Print the data once more, exactly as given. Drop the pictures.

::: Data :::

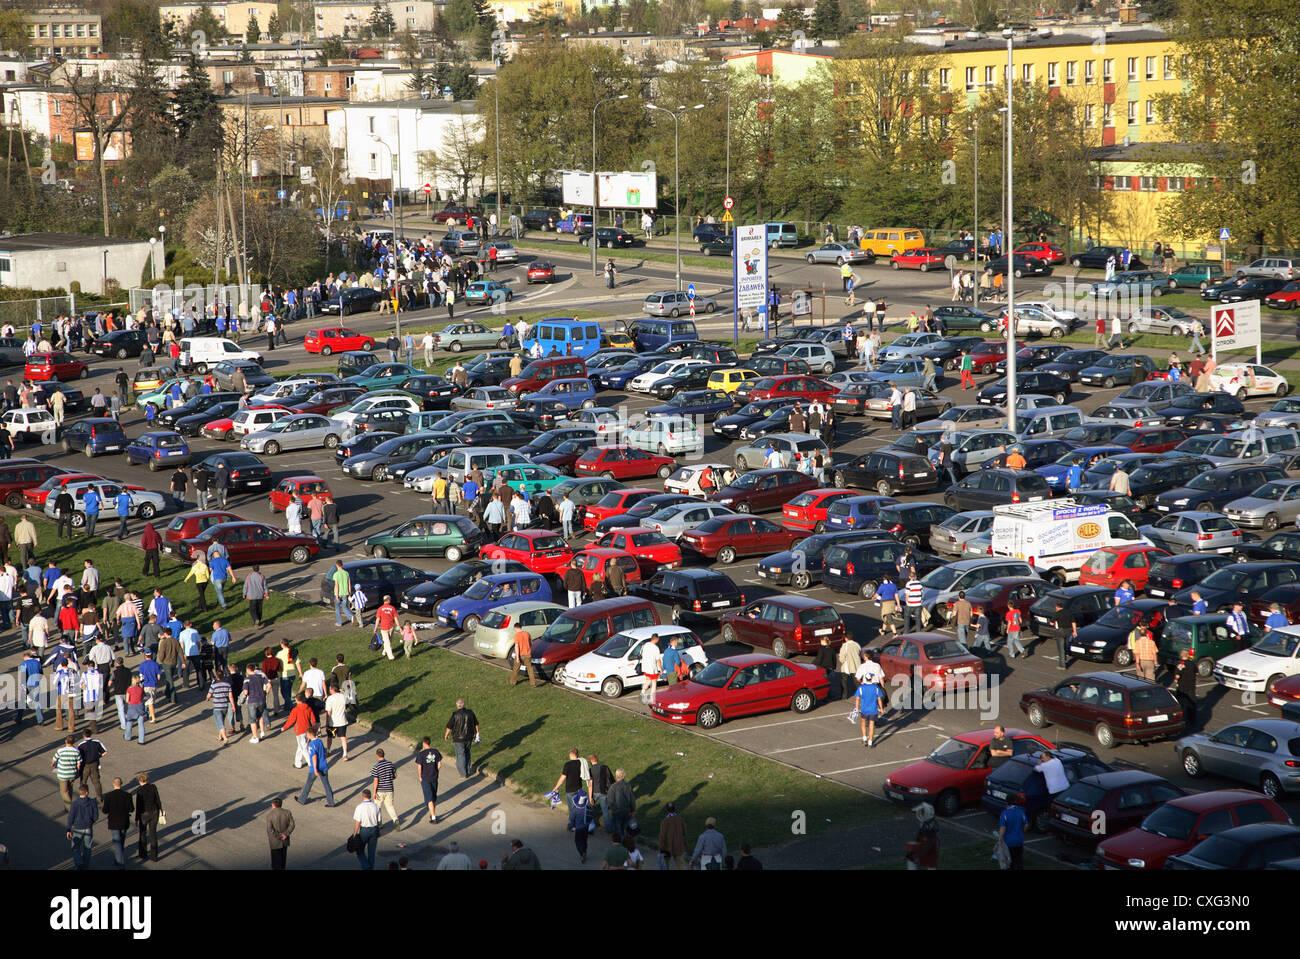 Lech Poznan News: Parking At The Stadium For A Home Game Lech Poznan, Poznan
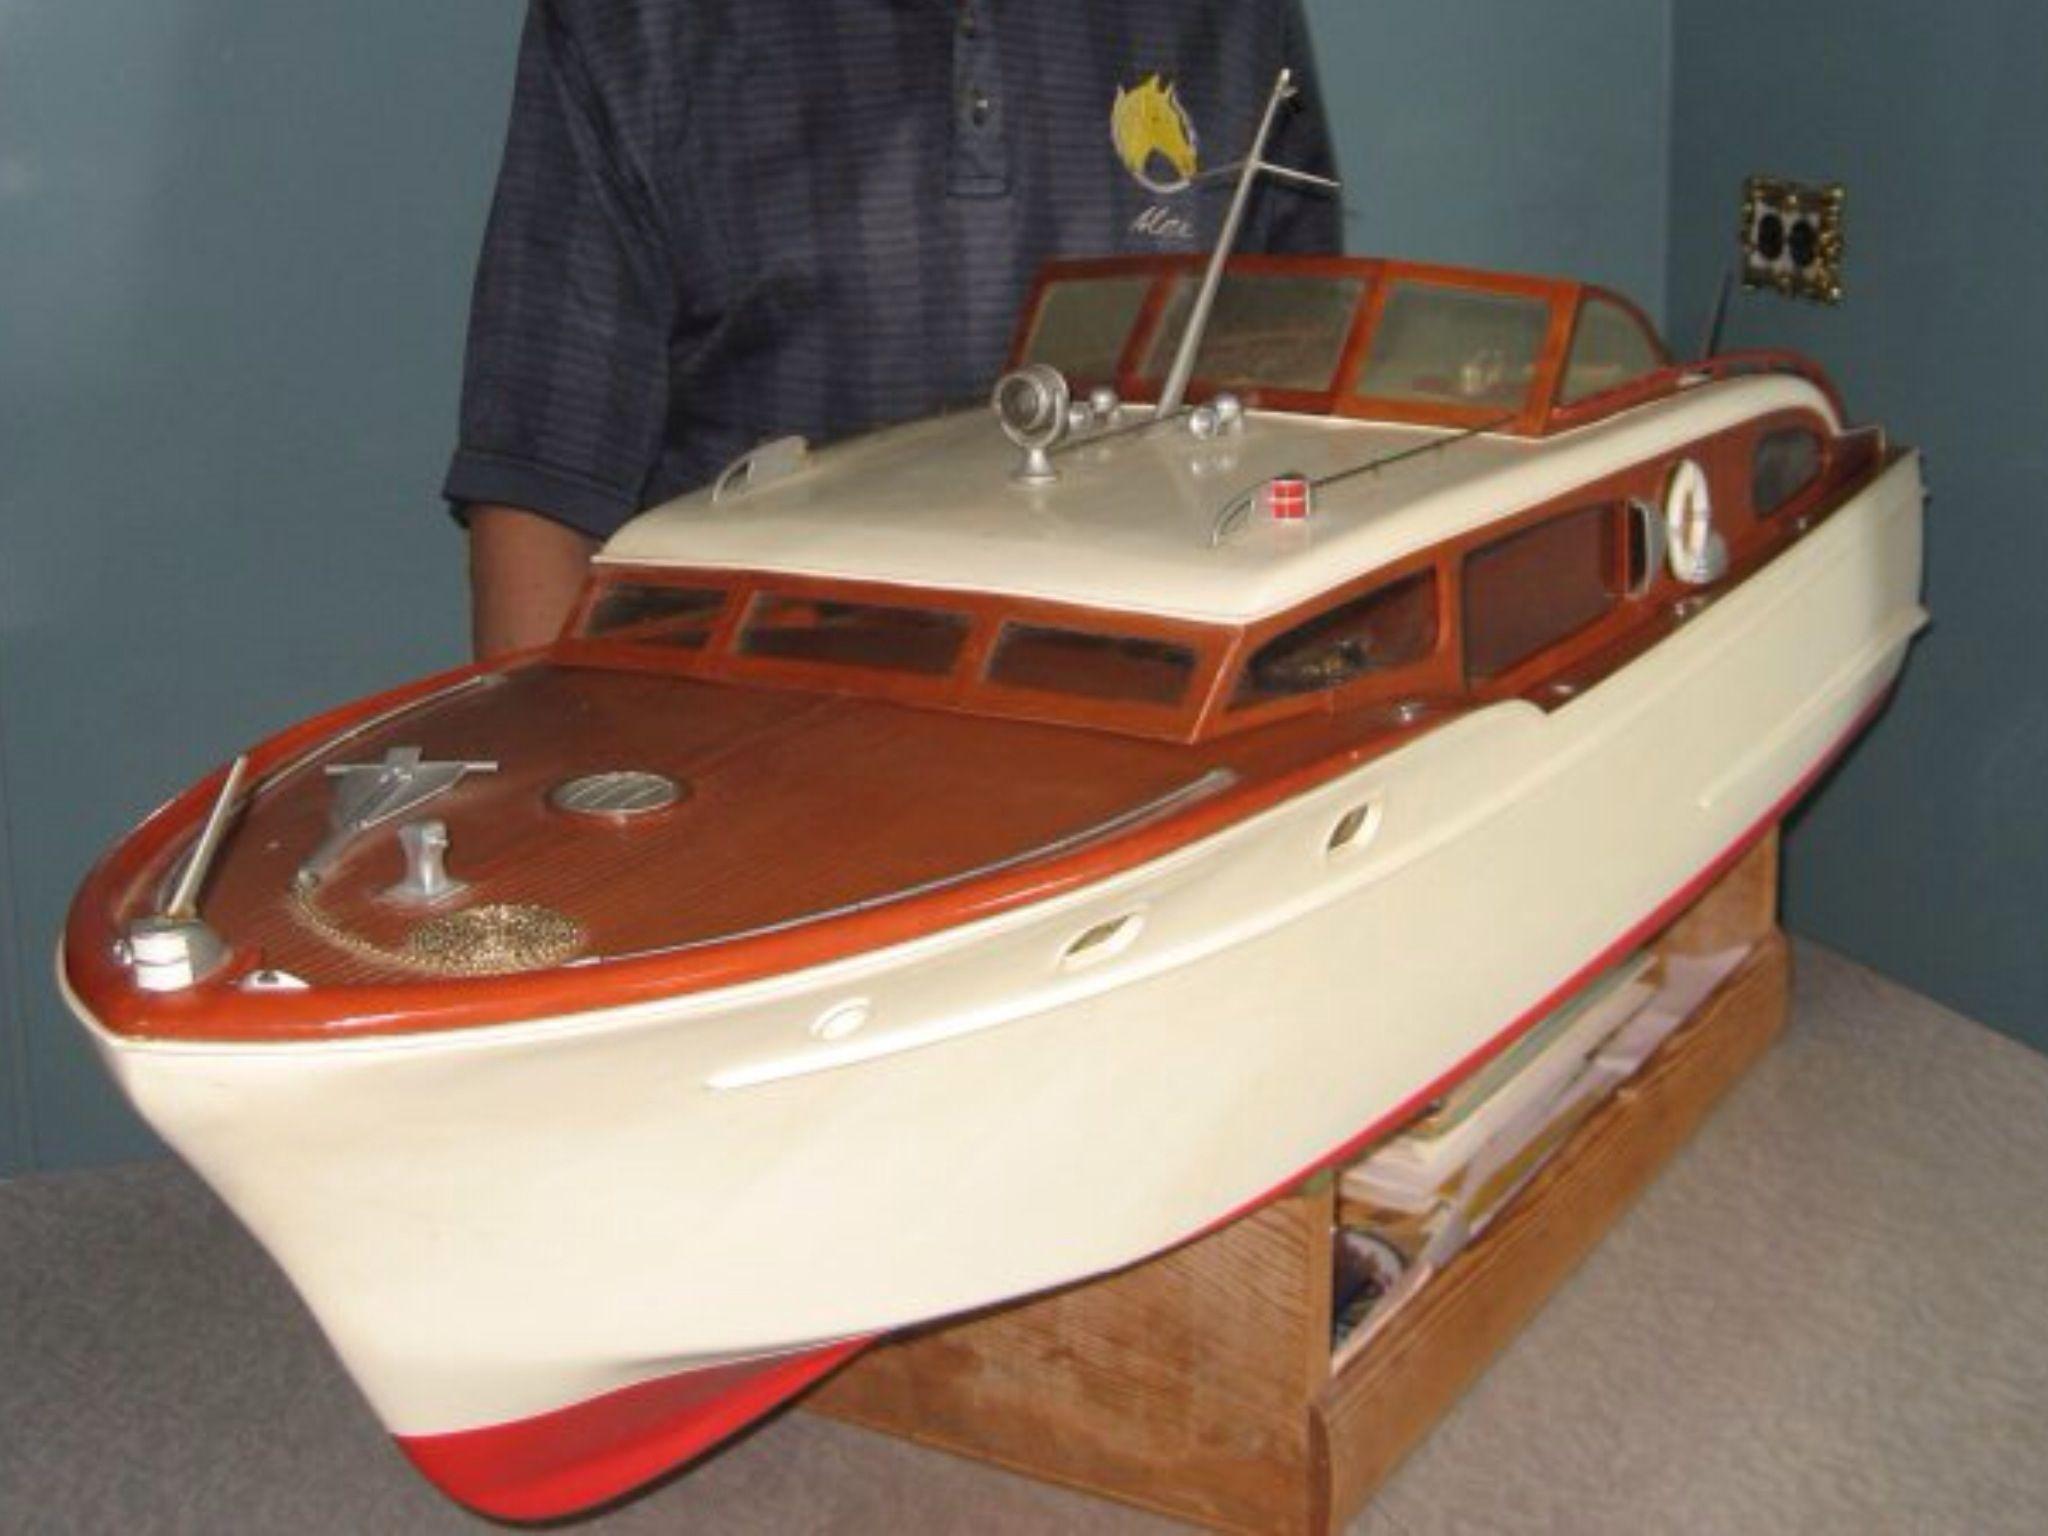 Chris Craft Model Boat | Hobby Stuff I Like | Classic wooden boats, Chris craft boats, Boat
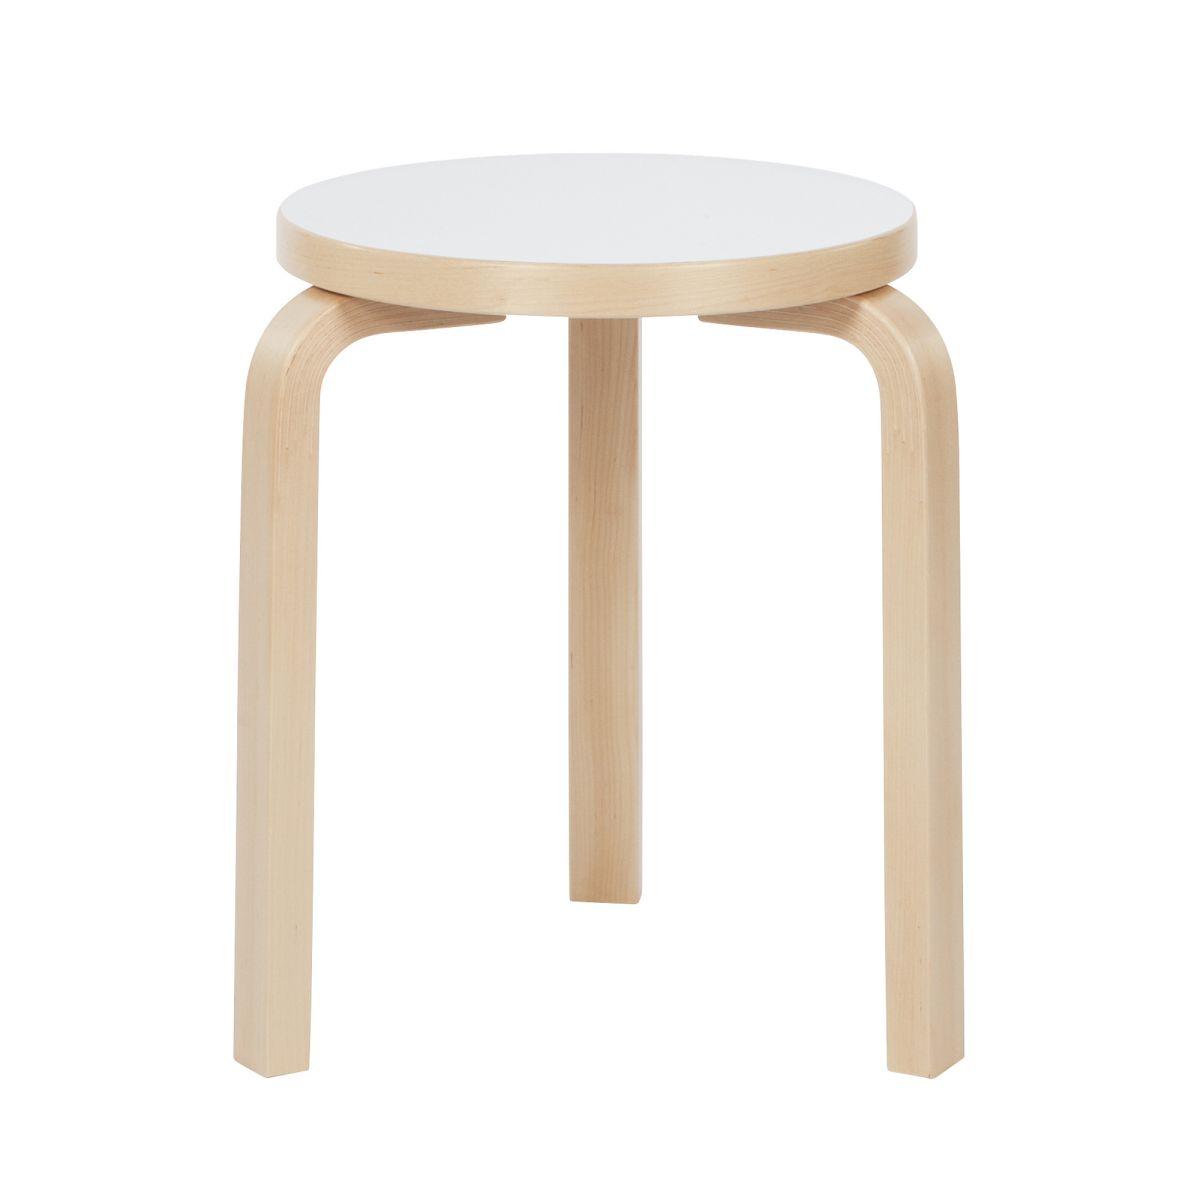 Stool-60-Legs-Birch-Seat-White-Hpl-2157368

:::

### Expected answer
 Lech Poznan News: Parking At The Stadium For A Home Game Lech Poznan, Poznan
 Chris Craft Model Boat | Hobby Stuff I Like | Classic wooden boats, Chris craft boats, Boat
 Stool-60-Legs-Birch-Seat-White-Hpl-2157368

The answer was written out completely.